Client: Bigger Bang
In 2017 I worked as a 3D generalist for film and television production company Bigger Bang on a small project for their client, Shell.
The project was to create a short animation that would be used internally at Shell to show the process of decommissioning oil rigs in the Brent Oil Field, owned by Shell. Initially, the goal was to also include the Pioneering Spirit, a boat specifically built to carry oil rig platforms, but eventually, this was reduced to just showing the oil rig, a comparison of the oil rig's size compared to landmarks and the basics of how the top of the oil rig platform detaches from the base.

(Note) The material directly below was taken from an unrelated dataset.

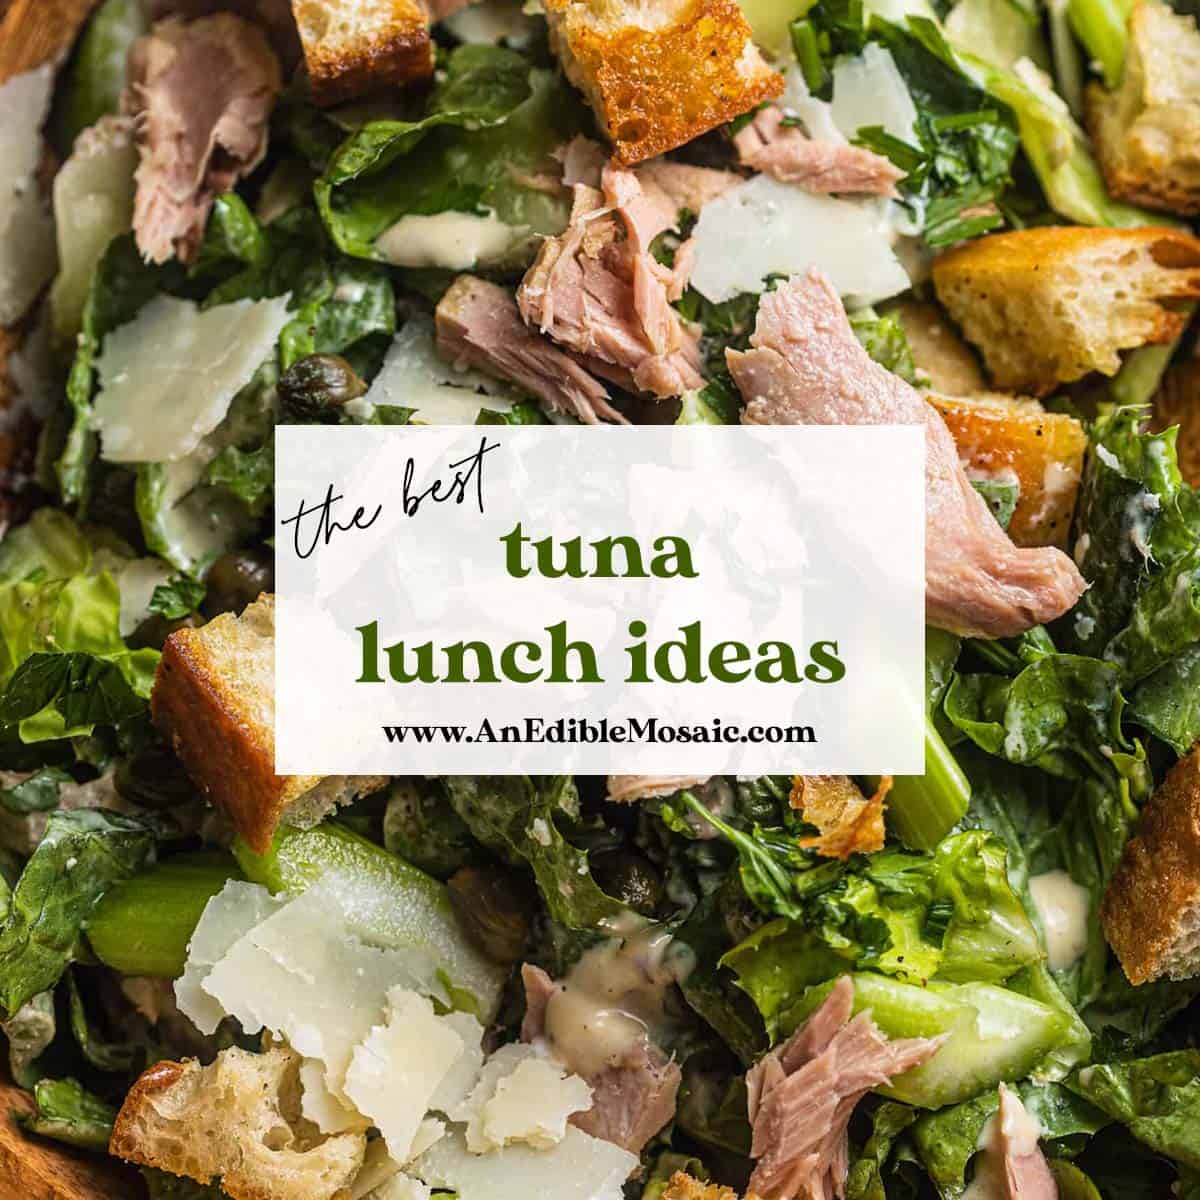 tuna lunch ideas featured image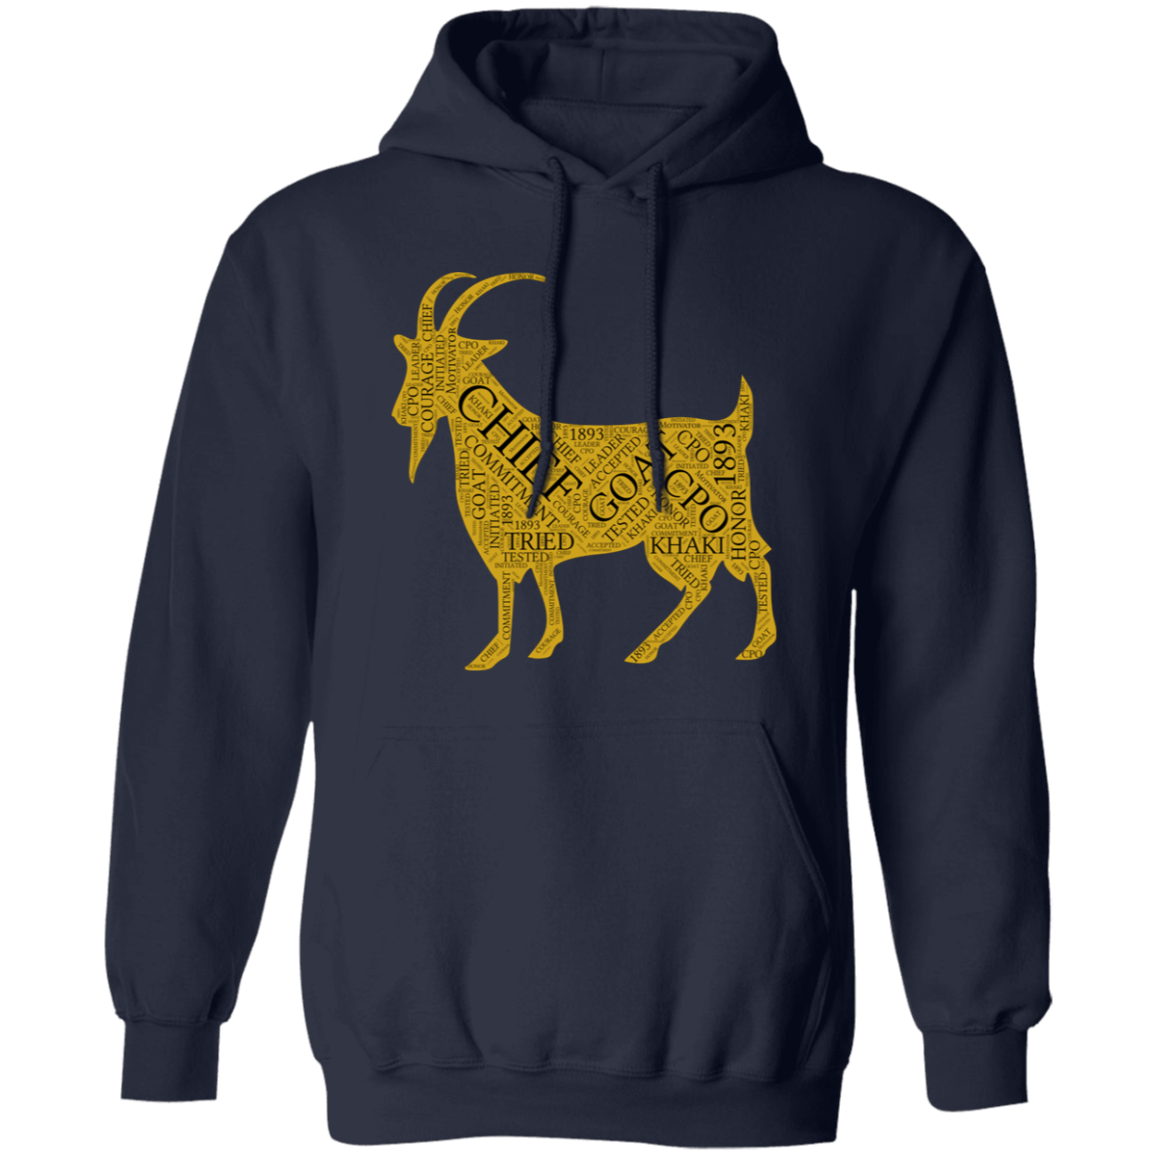 Goat Word Gold Pullover Hoodie

My role was to work directly with director, David Hatter, to take existing assets, model new ones and animate and render them to create a blueprint-style animation. The animation was completed in Blender 3D.
I was initially provided with an existing oil rig asset, but I knew such a high resolution model would be both difficult to manage and would probably not work well with the methods I was intending to use to get the blueprint look. Below is a test render that I sent to the director to explain this. Upon seeing this he gave me the go-ahead to spend time heavily reducing the complexity of the model, which resulted in practically all pieces of the oil rig being remodelled with simpler geometry.
Below is the finalised look for the blueprint, using the remodelled oil rig. Created in Blender 3D, this combined the Blender Internal render engine's wireframe shader for the main geometry detail, Freestyle for the thicker outlines and Cycles for the diffuse shading.
Despite having the intention to wholly use the Cycles rendering engine for this, combined with Freestyle for the line rendering, even with simplified geometry the render time was too costly to use Freestyle for everything. Instead, Blender's 'Blender Render' engine (Blender Internal) was used for the bulk of the line work and Freestyle was reduced to only doing the outlines of geometry, something that Blender Internal couldn't do and Freestyle could do without extending render times too much. Several render passes from the two render engines and Freestyle were then combined in Blender's compositor to create the finished effect.
The first stage of the animation shows a transition between some existing footage of an oil rig and the digital oil rig. The digital oil rig only had to be representative of the real oil rig, so the transition isn't exact.
The second stage of the animation was to show the oil rig to scale next to some famous landmarks. I reused the Empire State Building from another project I had done for Bigger Bang and modeled The Eiffel Tower.